State Board Report
The International Federation of Accountants reports that jurisdictions appear to be moving apart rather than converging in their regulatory arrangements for auditing and auditor independence requirements. While proposed legislation would mandate the use of clarified International Standards on Auditing (ISAs) for statutory audits within the European Union, “some jurisdictions unnecessarily modify standards, choose not to adopt the full set of standards, or introduce revisions to national standards before the International Auditing and Assurance Standards Board has finalized revisions to the relevant ISAs,” IFAC states in a January 7 press release. They report 90 jurisdictions either use or are in the process of adopting or incorporating clarified ISAs.

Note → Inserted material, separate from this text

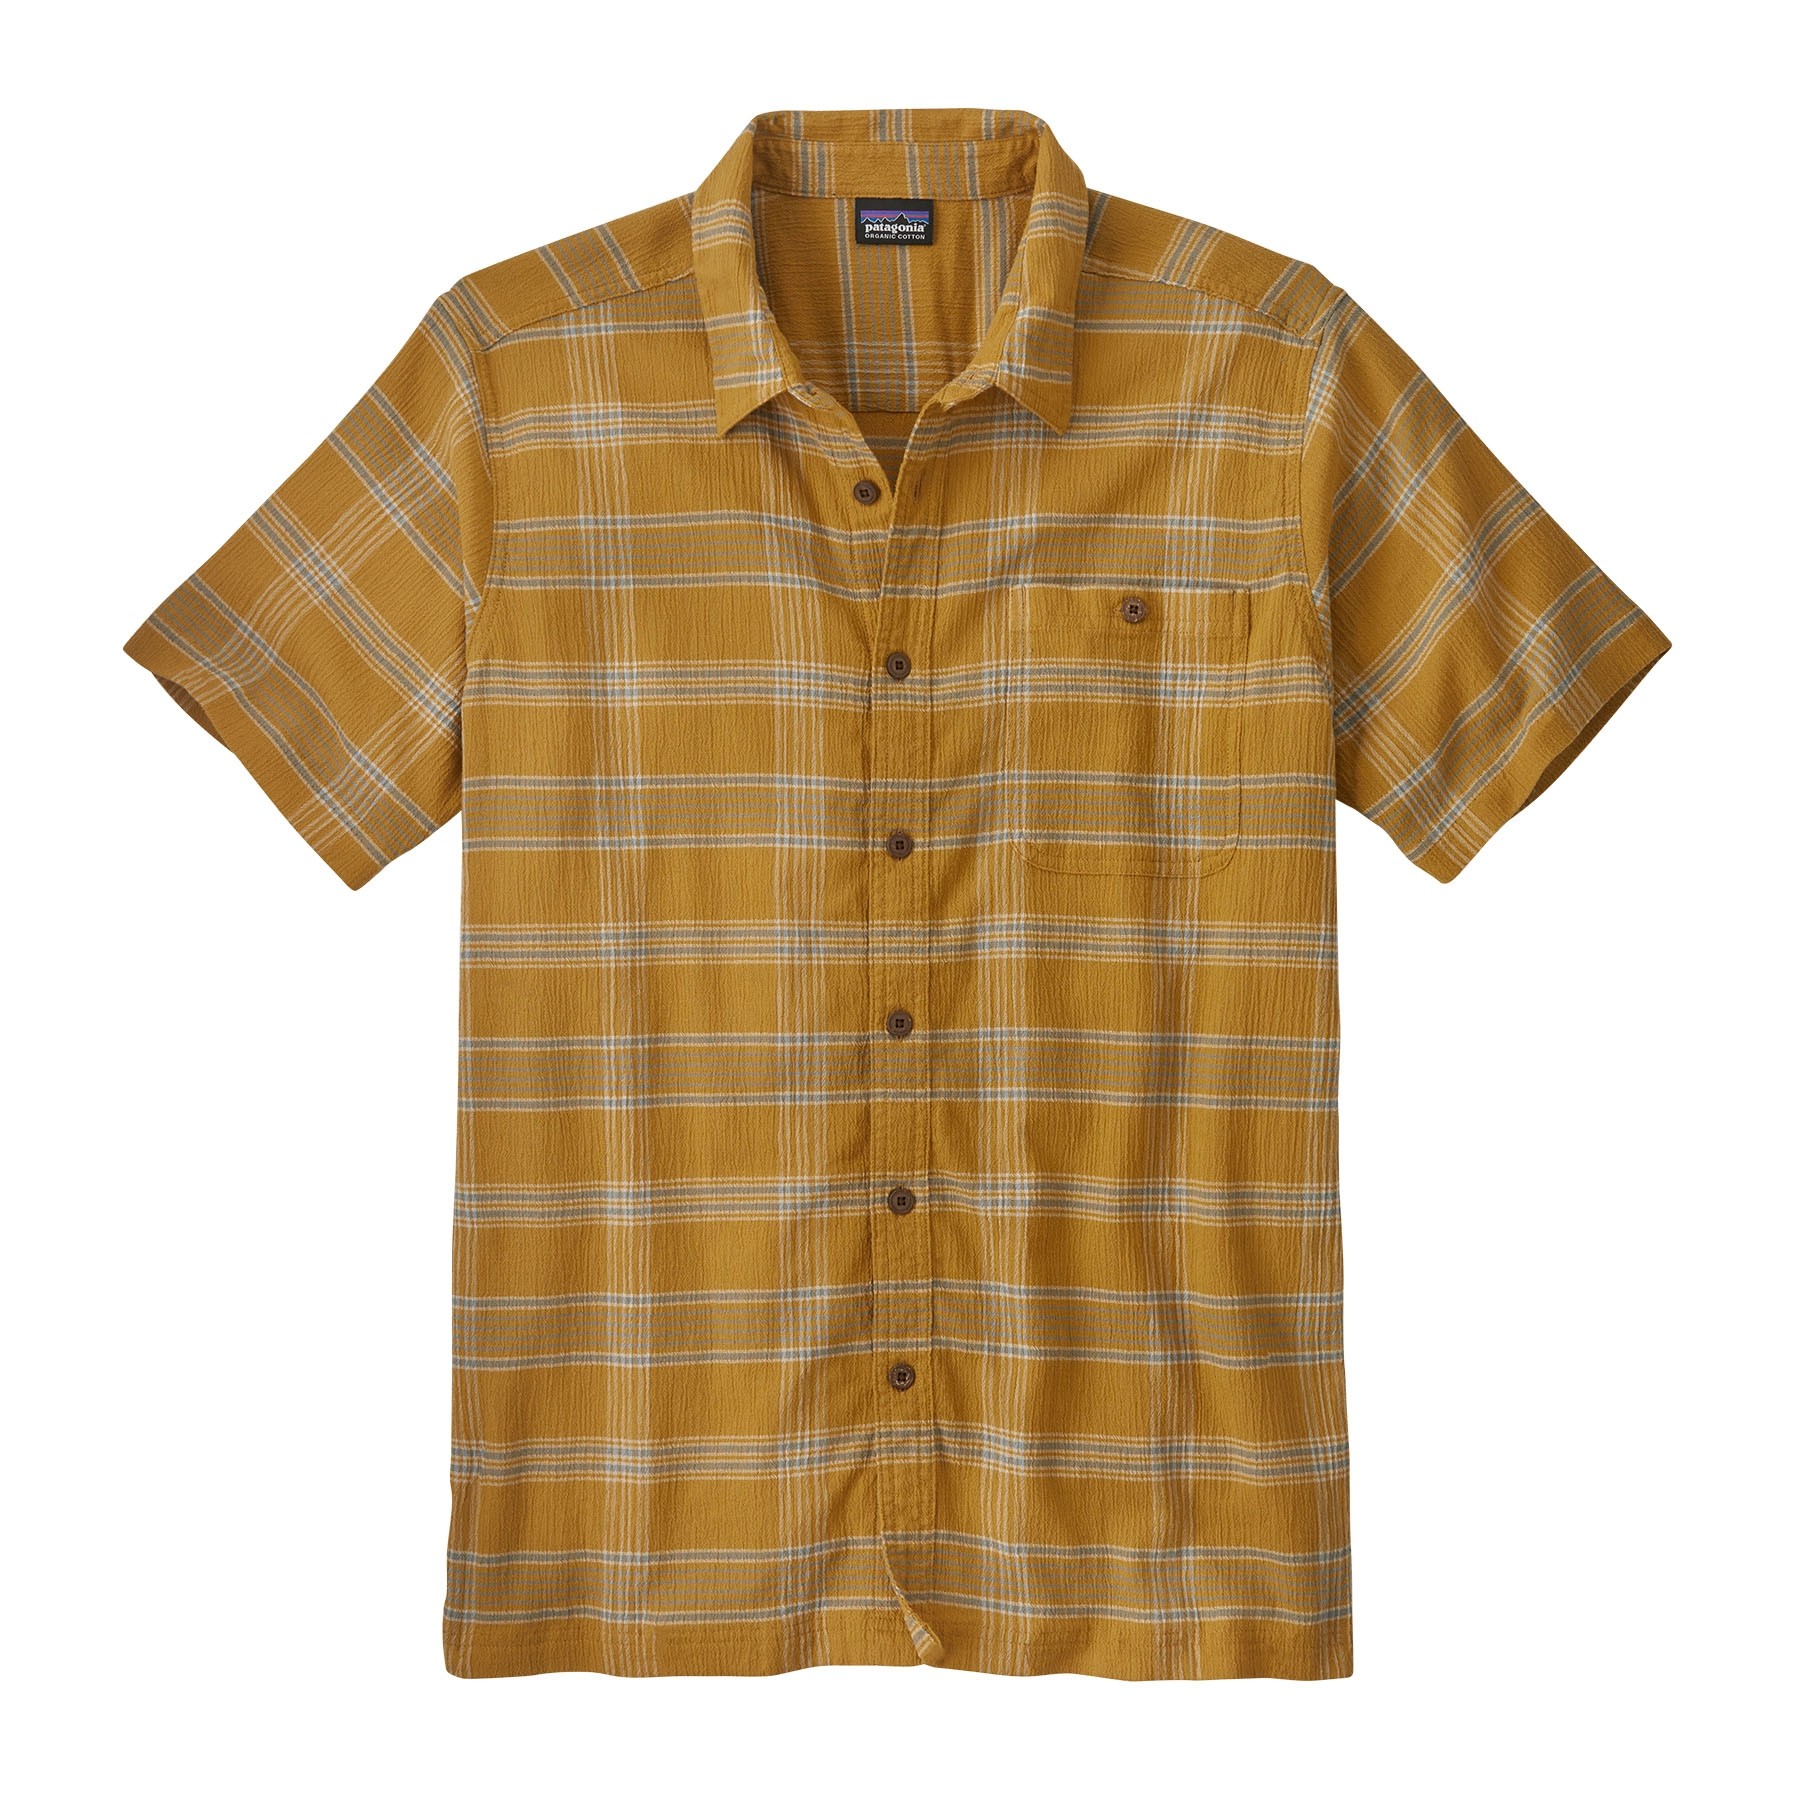 Patagonia Men's A/C® Shirt : Paint Plaid:  Discovery: Pufferfish Gold
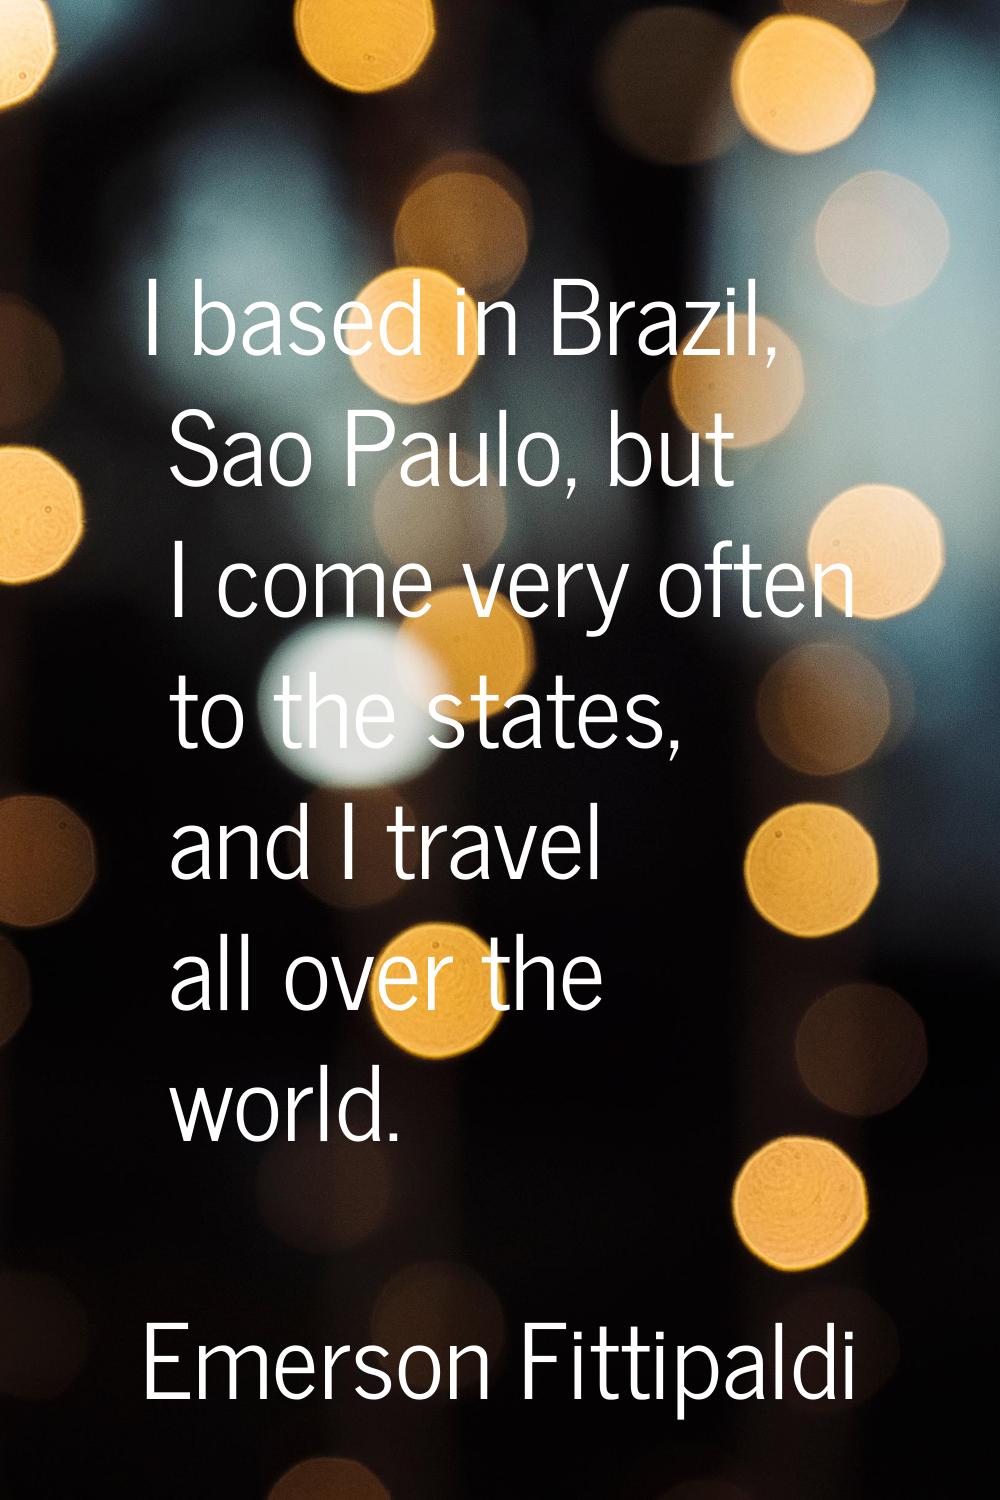 I based in Brazil, Sao Paulo, but I come very often to the states, and I travel all over the world.

“IFAC is concerned by the growing divergence and regulatory fragmentation that is occurring and the uncertainty that it creates,” stated IFAC CEO Fayezul Choudhury. “We call on international coordinating organizations and forums – the G-20, IFIAR, IOSCO, FSB – to fully commit to promoting and enacting global regulatory consistency and evidence-based regulatory reform.”
IFAC reports that major jurisdictions are clearly divided in their views on auditor independence. This is evidenced in differing prohibitions on non-audit services as well as requirements for audit firm rotation. IFAC notes for mandatory firm rotation: “Certain jurisdictions with major capital markets activity (e.g., the U.S. and Canada) have considered it, and have clearly rejected it. In contrast, last month the European Parliament announced a series of legislative reforms to auditing, including mandatory audit firm rotation – with the possibility that the rotation period will differ among member states – creating even more divergence. Still other countries have adopted, or are proposing to adopt, some form of mandatory audit firm rotation for a particular segment of the economy – i.e., banks and financial institutions.”